А вот сегодня эта Тома умерла. Погибла вместе с мужем в том самом самолете. Тридцать восемь лет ей даже не успело исполниться.

И моя начальница... Оля, Ольга Викторовна, которая так вообще и не вышла замуж, сидела и плакала, плакала, плакала... словно потеряла очень дорогого человека, хотя не общалась с этой Томой со дня школьного выпускного.

А потом сказала:

-- У нее профиль очень красивый был. Когда мы из школы возвращались, шли рядом, я косилась в ее сторону, любовалась -- и завидовала. И теперь даже, как вспомню -- завидую...

Козы, свиньи и собаки

Лето мы в деревне проводили. Хорошо там. Глазу голубым и зеленым объесться можно, а животу -- редиской, луком, огурцами-помидорами и прочим садом-огородом.

А душу волей можно порадовать. Огородные повинности отбыл -- и гуляй, хоть угуляйся.

Счастье.

Помню, каждые выходные мы обязательно ходили бабу Лиду проведать. Баба Лида -- подруга бабушкина, они всю жизнь продружили.

Жила она одна, муж ее давно умер. Были у бабы Лиды коза Дашка, кабан Пафнут, а еще пес Валет.
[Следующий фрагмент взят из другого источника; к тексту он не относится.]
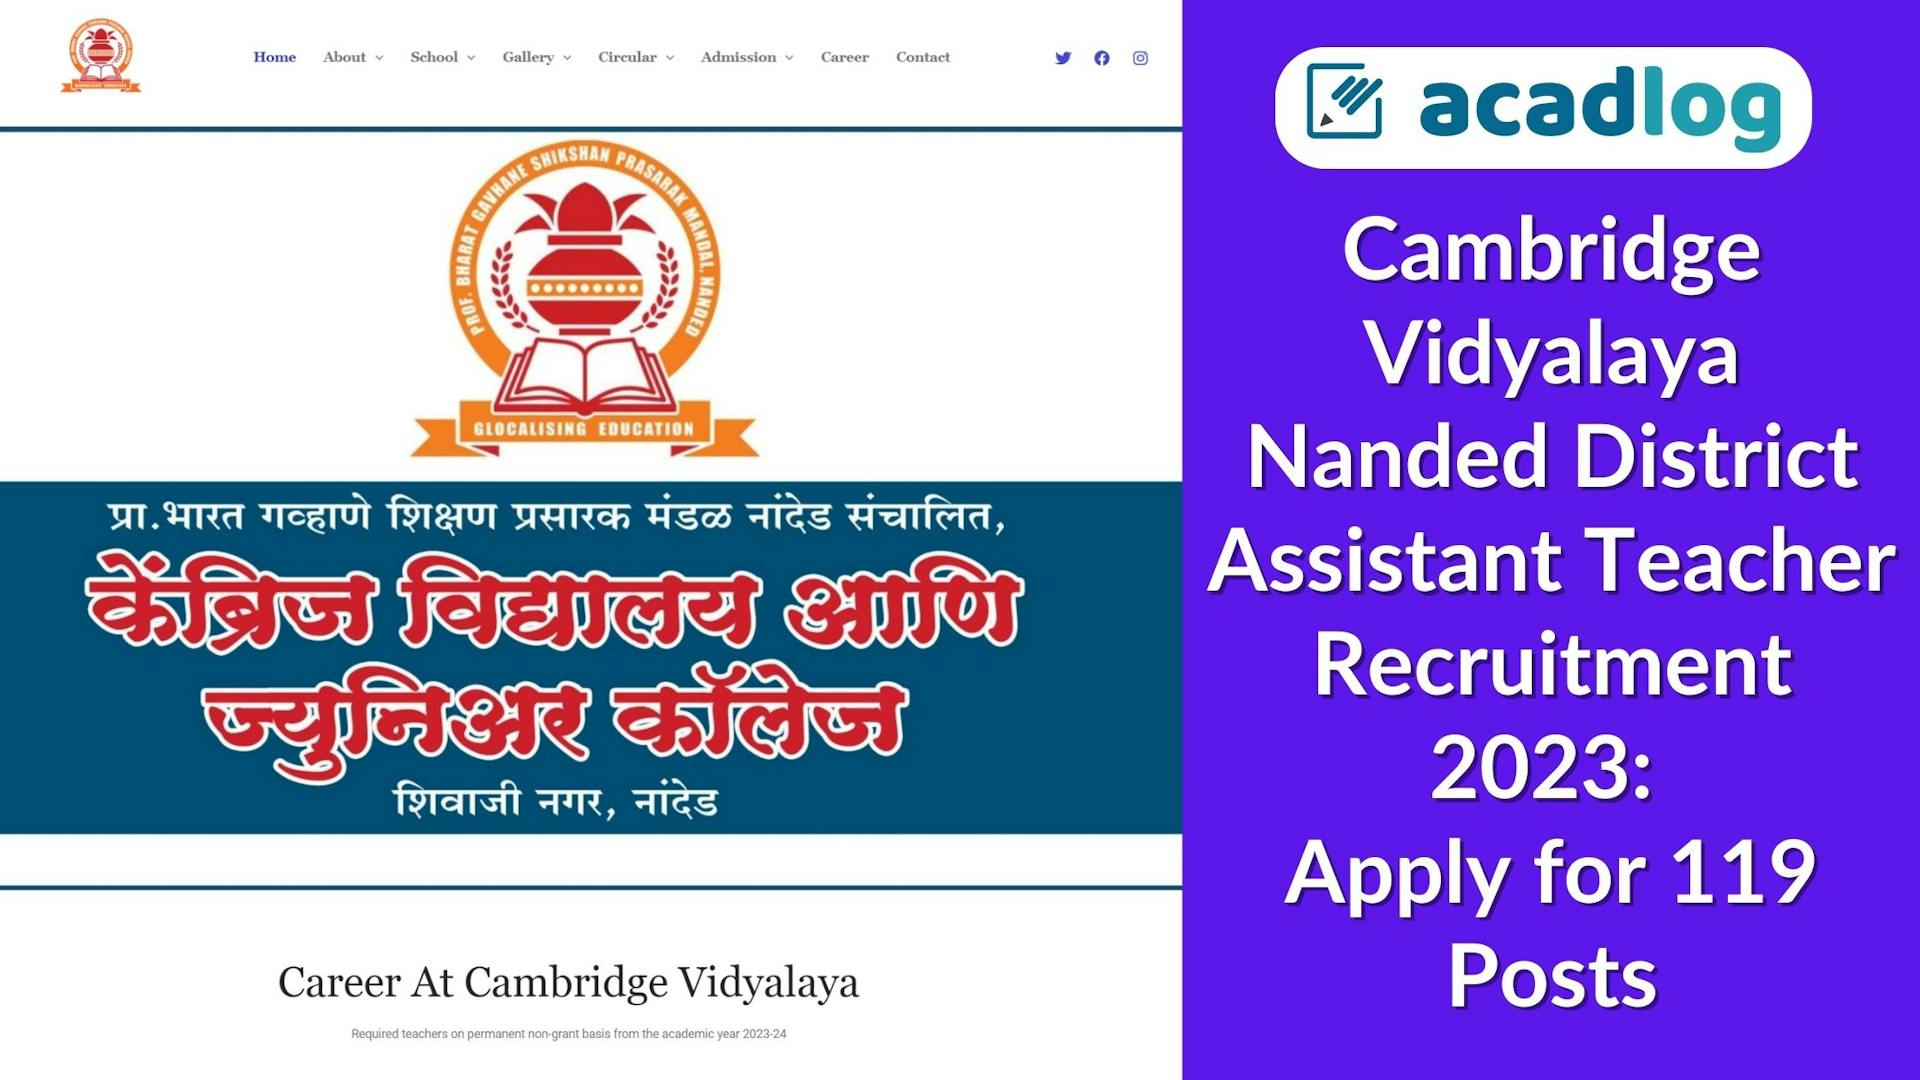 Cambridge Vidyalaya Nanded Assistant Teacher Recruitment 2023: Apply for 119 Posts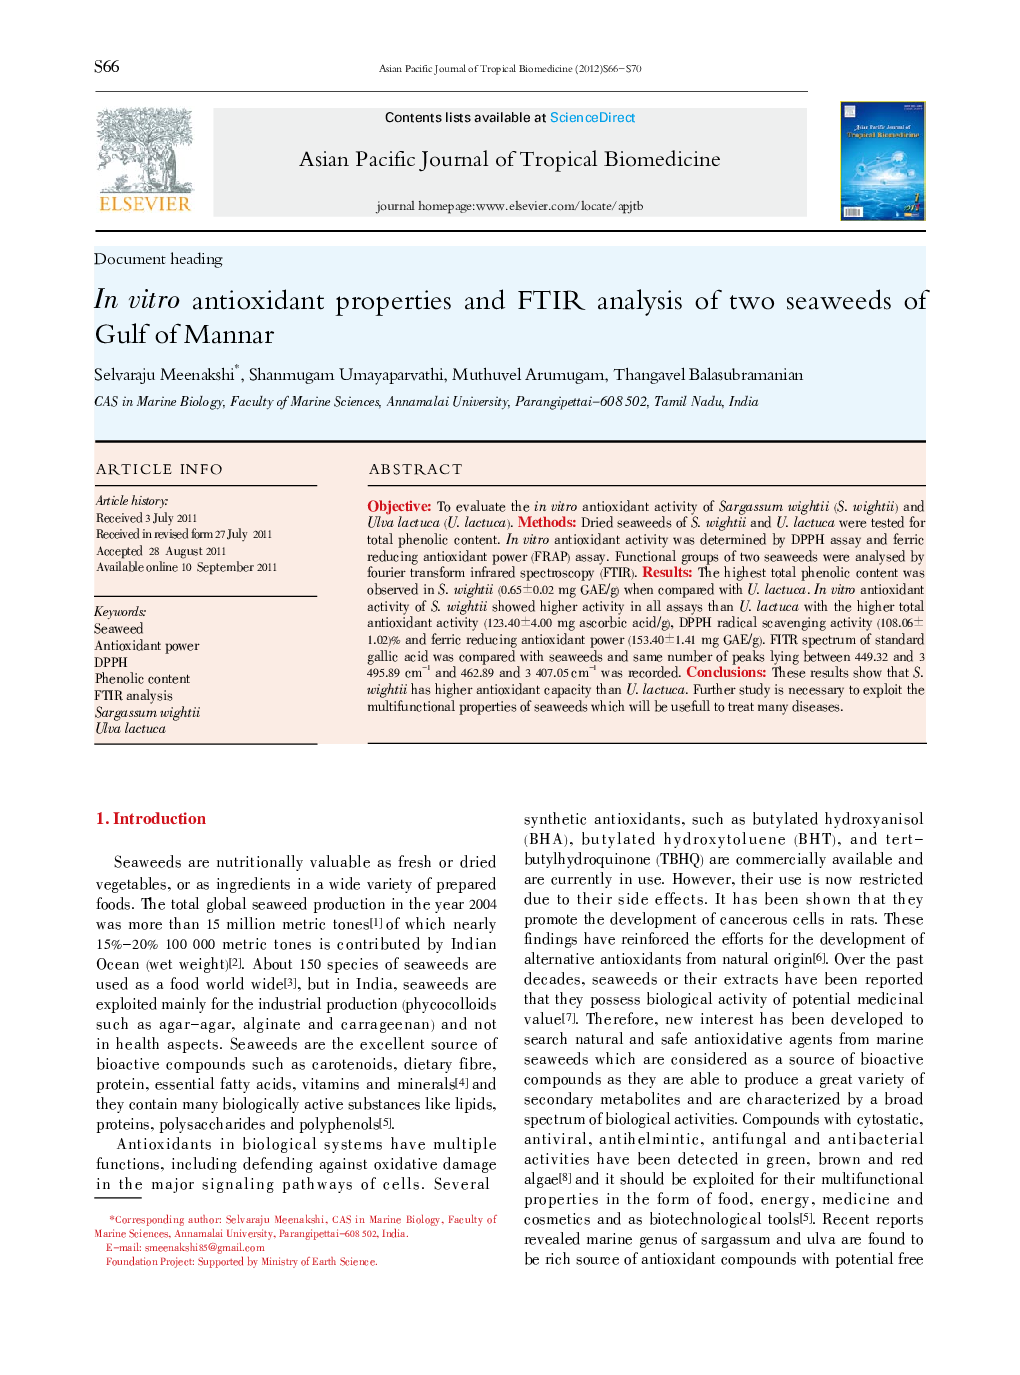 In vitro antioxidant properties and FTIR analysis of two seaweeds of Gulf of Mannar

Дашка была безухой -- кабан Пафнут ей ухо отъел. Она, Дашка, уж больно любила чужую еду воровать. Как-то раз просунула голову между прутьями решетки в свиной загородок и давай из корыта Пафнута есть. А Пафнут в это время сам за обе щеки еду наворачивал. Вот он случайно ухо козье и прикусил -- коза заблеяла отчаянно, рванулась -- а рога зацепились за решетку и не дают голову вытащить! Беда! Баба Лида услышала ее вопль, прибежала, отогнала Пафнута, спасла Дашку. Только ухо обратно не приделаешь. Зато Дашка бабу Лиду очень полюбила. Не бодала ее. И нас терпела. Хотя мы-то козу Дашку еще как мучили -- и за рога дергали, и за бороду. Весело же!

А пса Валета баба Лида выдрессировала. Говорила:

-- Валет, ну-ка пошепчи на ушко бабушке, как себя Дашка и Пафнут вели?

Валет прыгал на лавку, рядом с бабой Лидой и "шептал" ей на ушко, а мы прислушивались: неужто на своих доносит?

Баба Лида вела с нашей бабушкой разговоры о жизни: что болит, что хорошо в огороде растет, а что плохо, кто, по их мнению, из соседей по ночам у всех картошку роет.





Ну и вспоминали всякое.

У бабы Лиды муж был хороший, любил ее сильно, покупал всякие подарки, а наш дед, наоборот, выпить любил и погулять. Зато бабушка моя трех детей родила, а баб Лида никого не рожала, сама забыла, сколько абортов сделала -- пять или шесть, все к старости в голове мешается". Бабули нас не стеснялись, не берегли от жизни, как есть, так и говорили обо всем. Поэтому их было так интересно слушать.

-- Нет, Люсенька, таких конфет, которых я не пробовала! -- говорила баба Лида. -- По крайней мере, из советских.

-- Ой, дуреха, ты, Лидка! Только зубы попортила! -- смеялась бабушка.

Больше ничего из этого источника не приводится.